Everybody knows the Louvre. It’s the unequivocally gigantic art museum of nearly 782,000 square feet that used to be the home of the late French high nobility. Built first as a fortress in the 12th century, by the 16th century it was a sprawling palatial complex that served as the king’s primary residence, but for Louis XIV, the most pompous of a pompous line of kings, the palace wasn’t enough and he had it moved out to Versailles. It was then used to house the king’s private art collection, and various salons of the Parisian intelligentsia. Since the Revolution, it’s served as the museum it currently is, with collections of various sizes depending on the power and range of the French Empire/Republic of the time.
The most famous piece in the Louvre is DaVinci’s “Mona Lisa”, a fairly boring piece that doesn’t even range among the artist’s best, but you know, the artist painted in a "mysterious smile" on his homely subject that's somehow dazzled millions ever since. There’s also a very broad range of his student’s studying how to draw people pointing, and more interestingly for me, David’s portraits of Napoleon and the various French Revolutions. There are hordes of people that are clearly there for only that painting though, so obviously, you just have to see it for yourself. Don’t expect being able to get close, as more people are crowding in to see it than if Leonardo Dicaprio were spotted eating gelato at the Eiffel Tower.

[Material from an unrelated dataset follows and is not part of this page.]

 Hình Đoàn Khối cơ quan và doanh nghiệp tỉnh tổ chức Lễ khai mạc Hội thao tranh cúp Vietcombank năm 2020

The Mona Lisa and her throngs of admirers
To really grasp most of the museum, you’ll need a full day or two. But it is possible to do a lightning tour of the most interesting stuff. Most of the museum isn’t art, but rather recreations of Napoleon III’s apartments, with all the glory and circumstance of his position, then there’s also a massive collection of stolen Greek and Roman statues. So if you’ve seen examples of those things elsewhere, like say the much superior collection of stolen goods at the British Museum, then you’ve no reason to attend to the Louvre’s.

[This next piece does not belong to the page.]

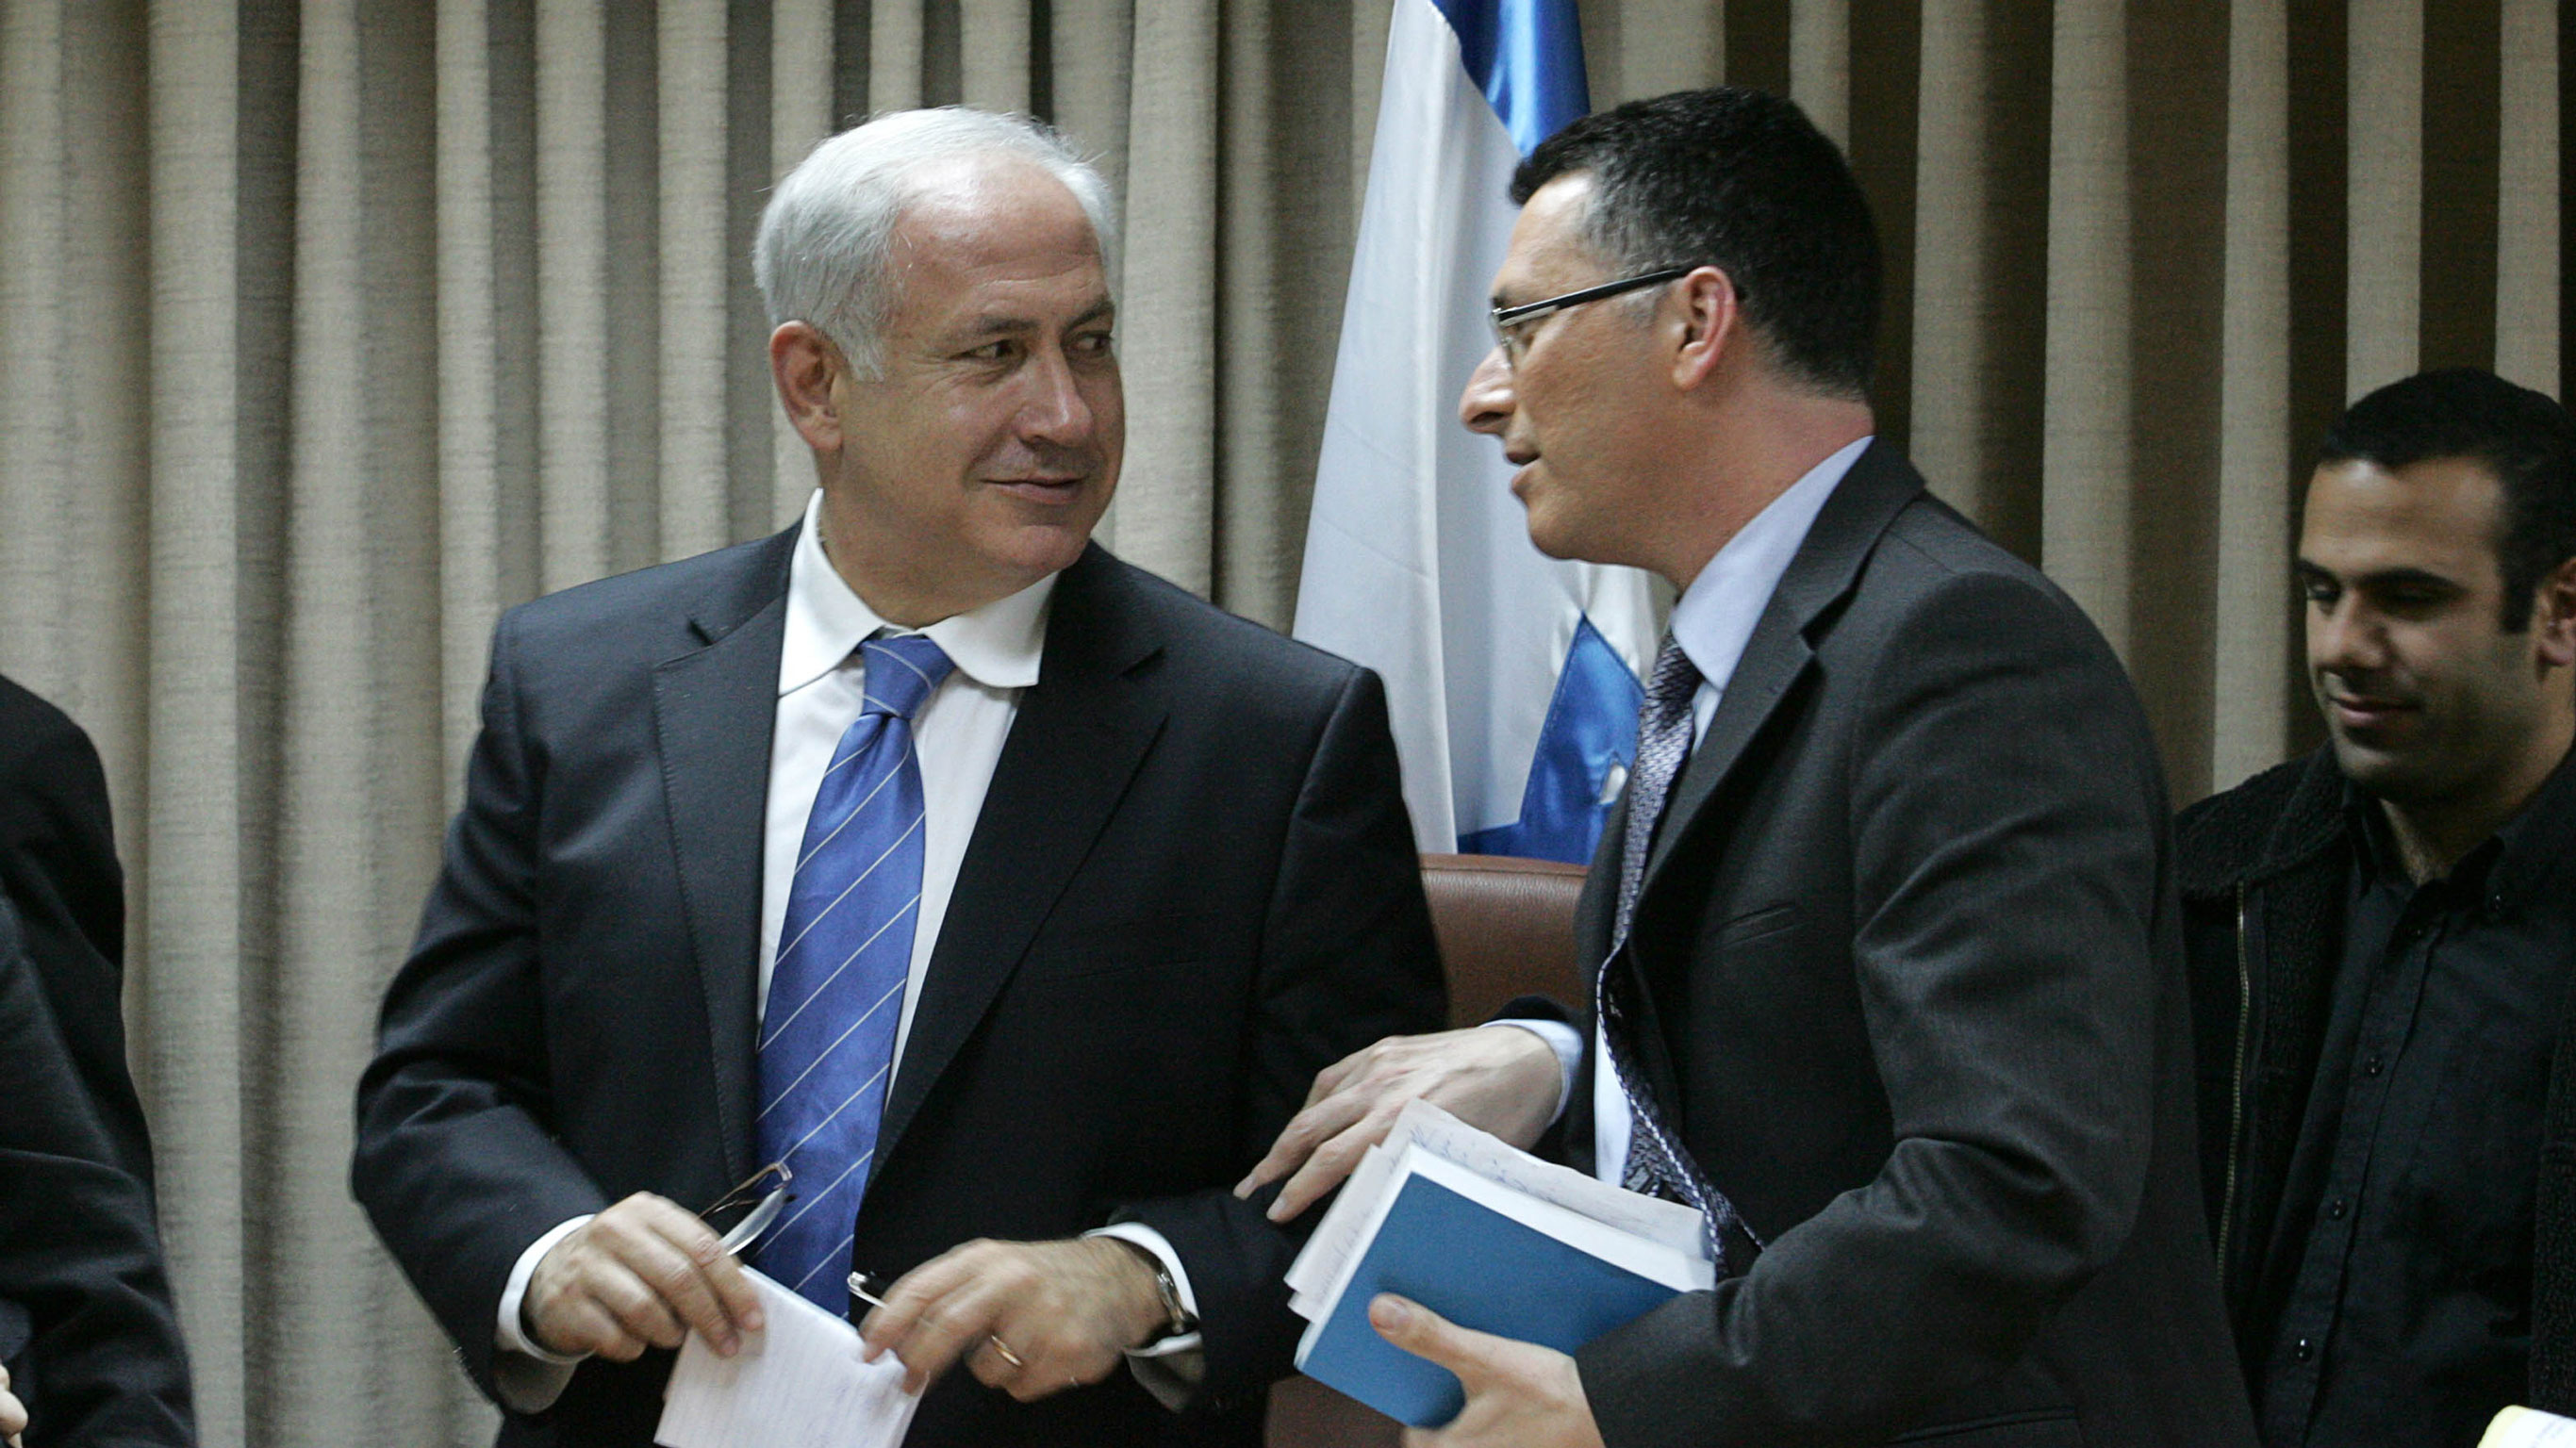 Le rival de Netanyahu au Likoud est «prêt» à défier le Premier ministre si des primaires sont organisées

First thing you should do is to go straight up to the top to the Northern Europe collection (read: Dutch). The Dutch collection houses a pretty impressive amount of Rembrandts and van Eyck (including the one where the woman is wearing that blue headpiece thing). Among the Rembrandt’s is a naked woman lounging around while an old lady is washing her feet, which must have been a common thing back during the Golden Age of the Dutch Republic.
"You, get naked, you, wash her feet," Rembrandt said.
There’s also just some outright weird stuff that doesn’t belong anywhere outside a Dutch ecstasy coated rave party, like this exercise in psychedelic angel art, the likes I haven’t seen rivaled outside a bathroom in Fussen, Bavaria, where there was a cupid eating an ice cream surrounded by other ice cream cones.
"Fear not, I come bearing peace and drugs," sayeth the angel
Then jump down a level, run across the apartments to the opposite wing where the Italian collection is. There is some beautiful lavishness going on there, but make sure to not get lost or you’ll find your way widdling away hours in a nightmare vertigo akin to that angel painting.
It's hard to see why the French offed the kings
Do your DaVinci thing, and keep in mind that the Mona Lisa is off in a room on the right. There are lots of signs leading to it, because they know that’s what you’re there for. But don’t mind the gargantuan and ever more impressive “Wedding at Cana” by Veronese, nevermind that though because probably you’ve never heard of the guy. Also look for my new favorite painting, what I like to call the Big Gay Jesus, which is on the left side of the main hall.
Who said gays were underrepresented in Christianity?
Then onward to the Spanish collection just down the hall, where there’s some guy admiring a view of Hell, which is all that’s really needed to be seen there. Cross to the other wing and catch the David collection, and you’re done.
What to Eat?
Paris by any means is an expensive city. The museum is even moreso. At 20 euros to enter, don’t expect anything cheap for lunch (or tasty, for that matter). There is however an underground mall connected to the Louvre, with entry on the far side of the river near the road between the pyramid and the victory arch there. Underground you can find McDonald’s and other cheap and quick eats.
This is my most important advice to you. On any good day, you’ll have to wait at least an hour to get inside. The much better thing is to go to the Louvre website and order your ticket in advance. It’s 3 euros cheaper. You only have to book your time, but you can enter early or late, they’re really not at all strict about it. Booking ahead allows you to completely skip the line and go straight in.
The Louvre from the second floor cafe
The Louvre is hard to miss, as it takes up about half the city. Just walk along the river towards the center of the city until you find a building that seems to never end. You’ve found it.